Do not overengineer. If you do not know 100% of the requirements beforehand, just go with what will get the job done now. Far too many times I’ve planned and coded for a future that never came.

i-n-g-m-a-r · August 6, 2018, 9:58am

if I would store metadata in the users table as you suggested before,
I would not have to change the current roles table and I could use has_many to point users to roles.
so I would be “merging” users and profiles and I would not need to migrate every time.
that would work just fine.

at this point my user module only knows how to authorize users (changeset > cast > validate > hash password).
I use Guardian to rehydrate a user resource from a JWT.
if I don’t (pre)load all of the metadata at that point (unnecessarily) the %User{} would be incomplete.

so the profiles table provides “lazy loading” as well as structured metadata storage.

of course I agree with you not to overengineer, in my mind I’m not.

dimitarvp · August 6, 2018, 10:00am

What you say is fair, but have you checked about the quality and speed of querying by JSONB columns? If you are satisfied with it, then go ahead with your original idea – only modify it slightly to use different keys inside the JSONB as I pointed out above.

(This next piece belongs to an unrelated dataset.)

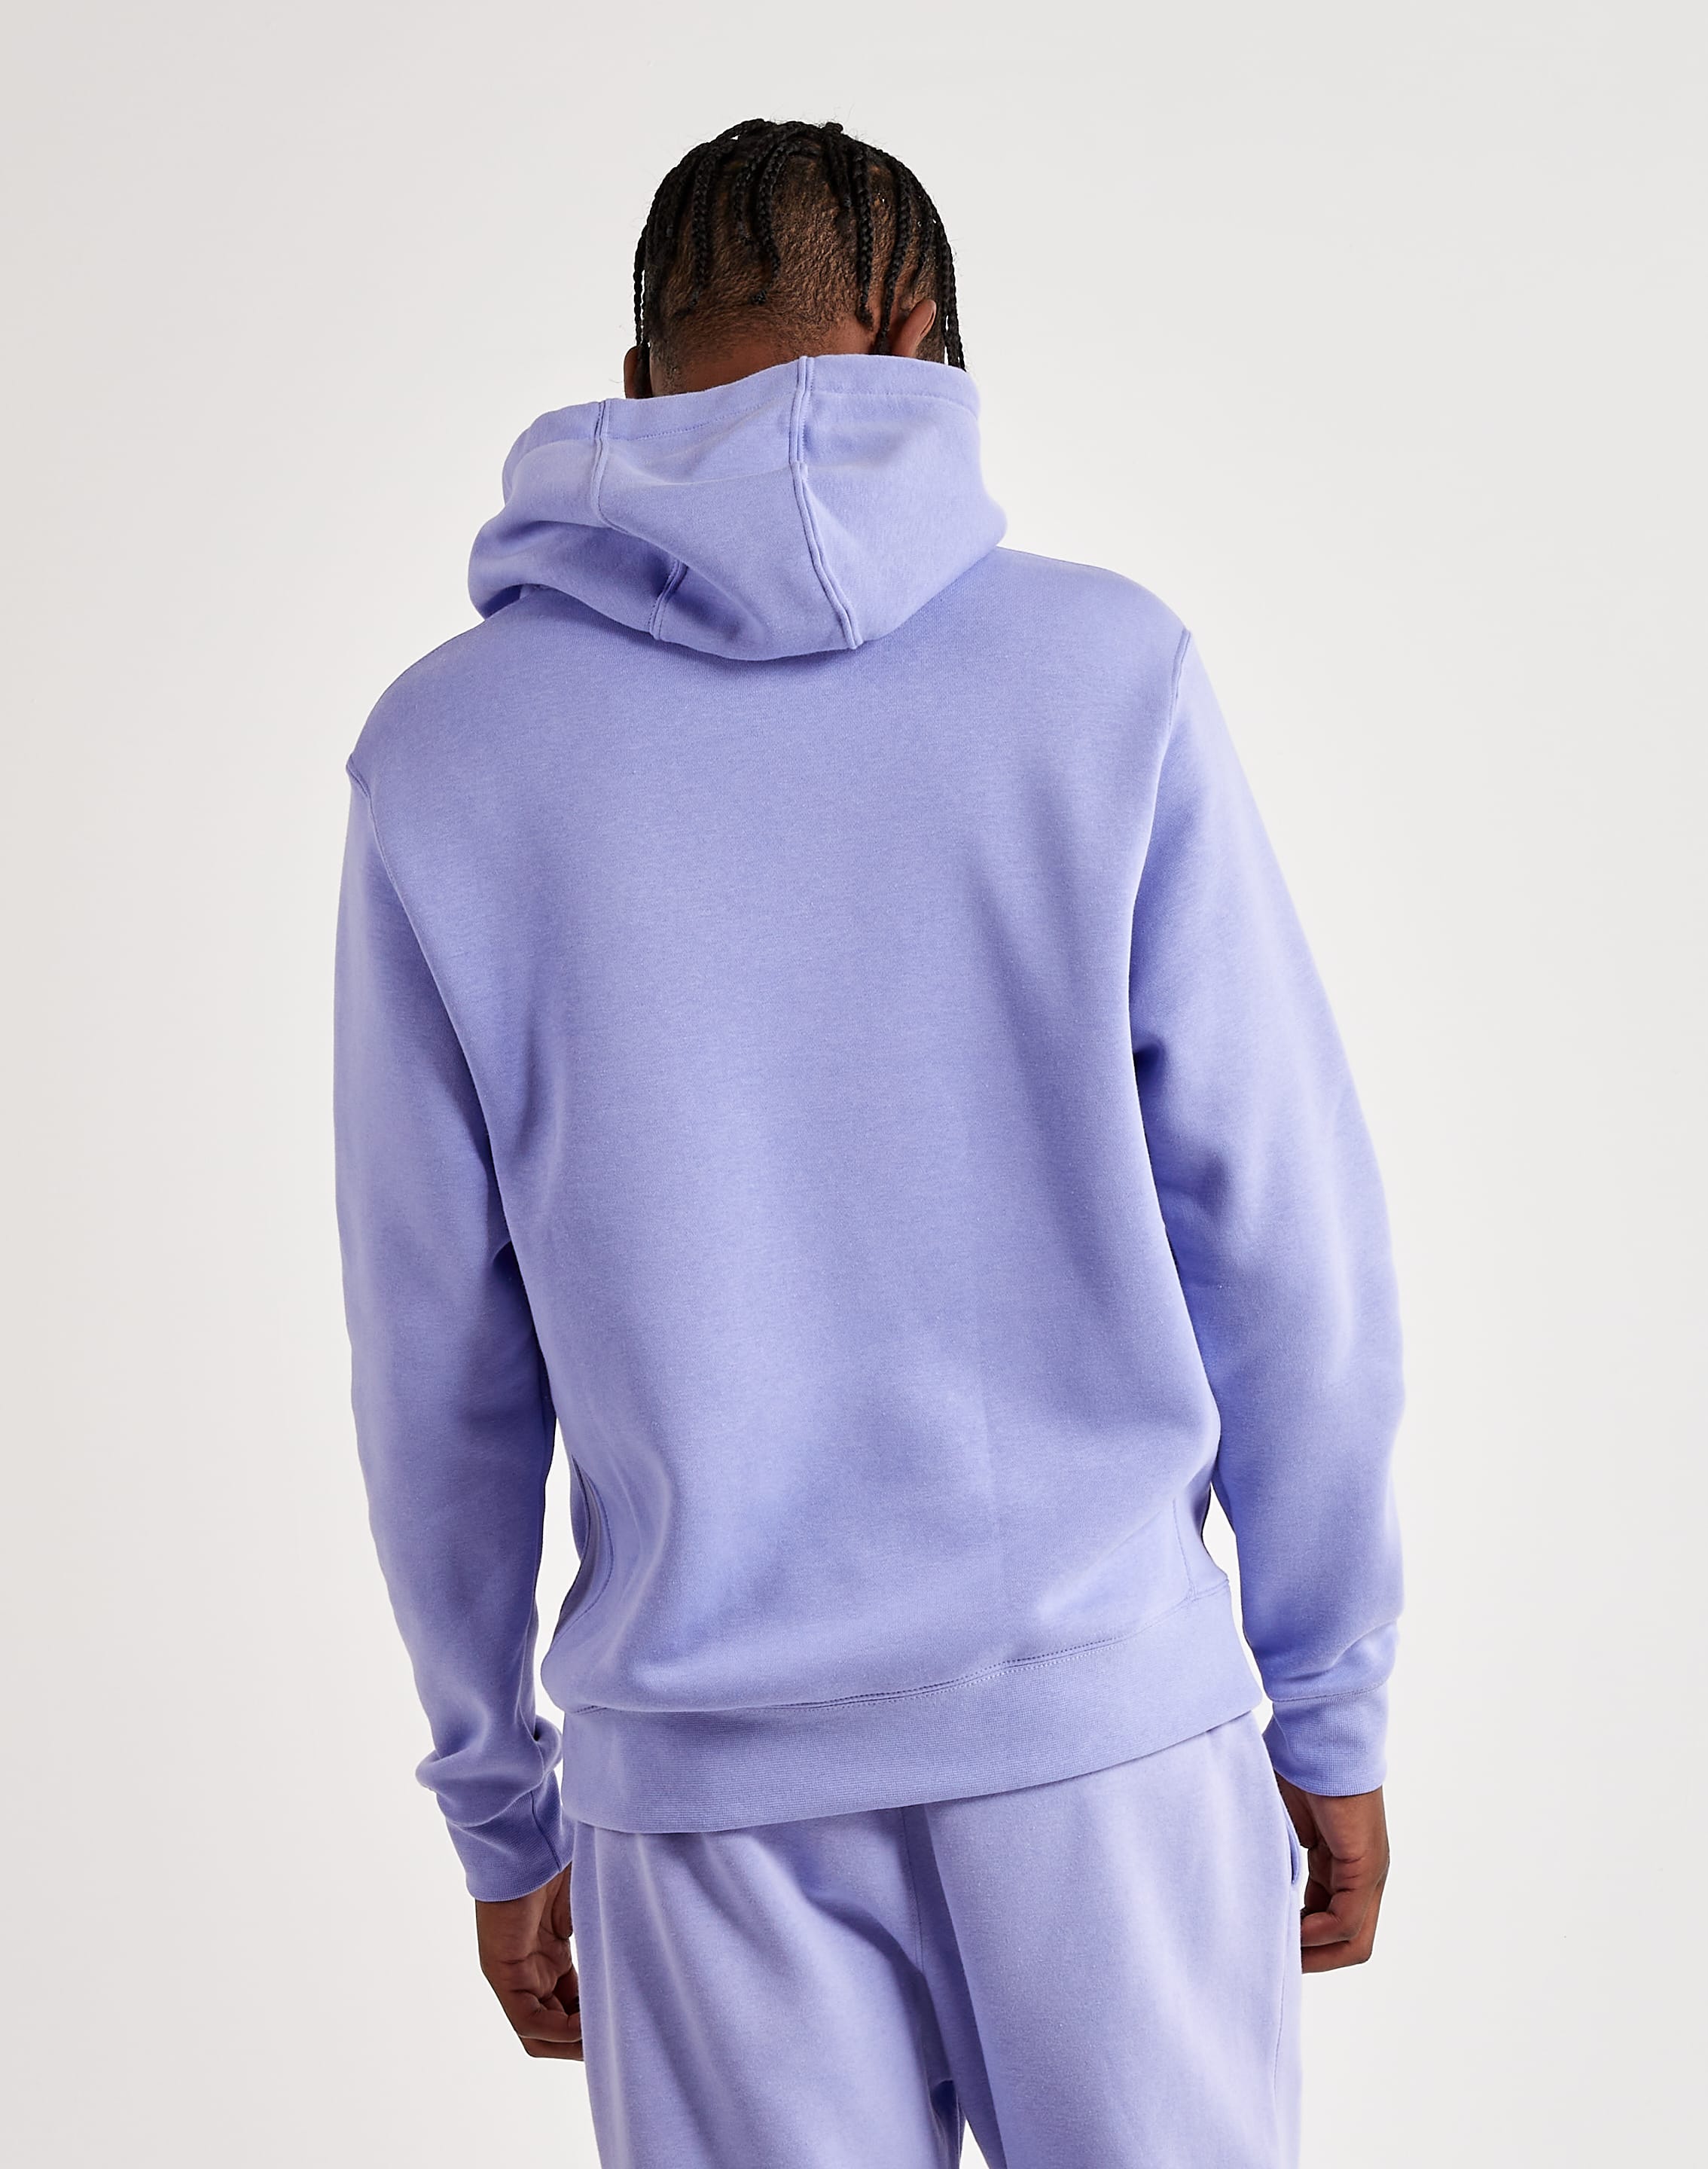 Nike Men's Sportswear Club Fleece Pullover Hoodie-Purple - Hibbett

i-n-g-m-a-r · August 6, 2018, 10:58am

I have worked quite a lot with jsonb columns, though not in combination with Ecto.
provided an index is used (gin/jsonb_path_ops) querying performance is pretty decent.
if I would want to query on metadata only I would not use jsonb though.

jsonb works very well together with “regular” selects, something like:

where role = 'dog owner' and metadata @> '{"breed":"Siberian Husky"}'::jsonb

when having multiple breeds is allowed, indexed querying becomes more complex.

thx again for your time and feedback.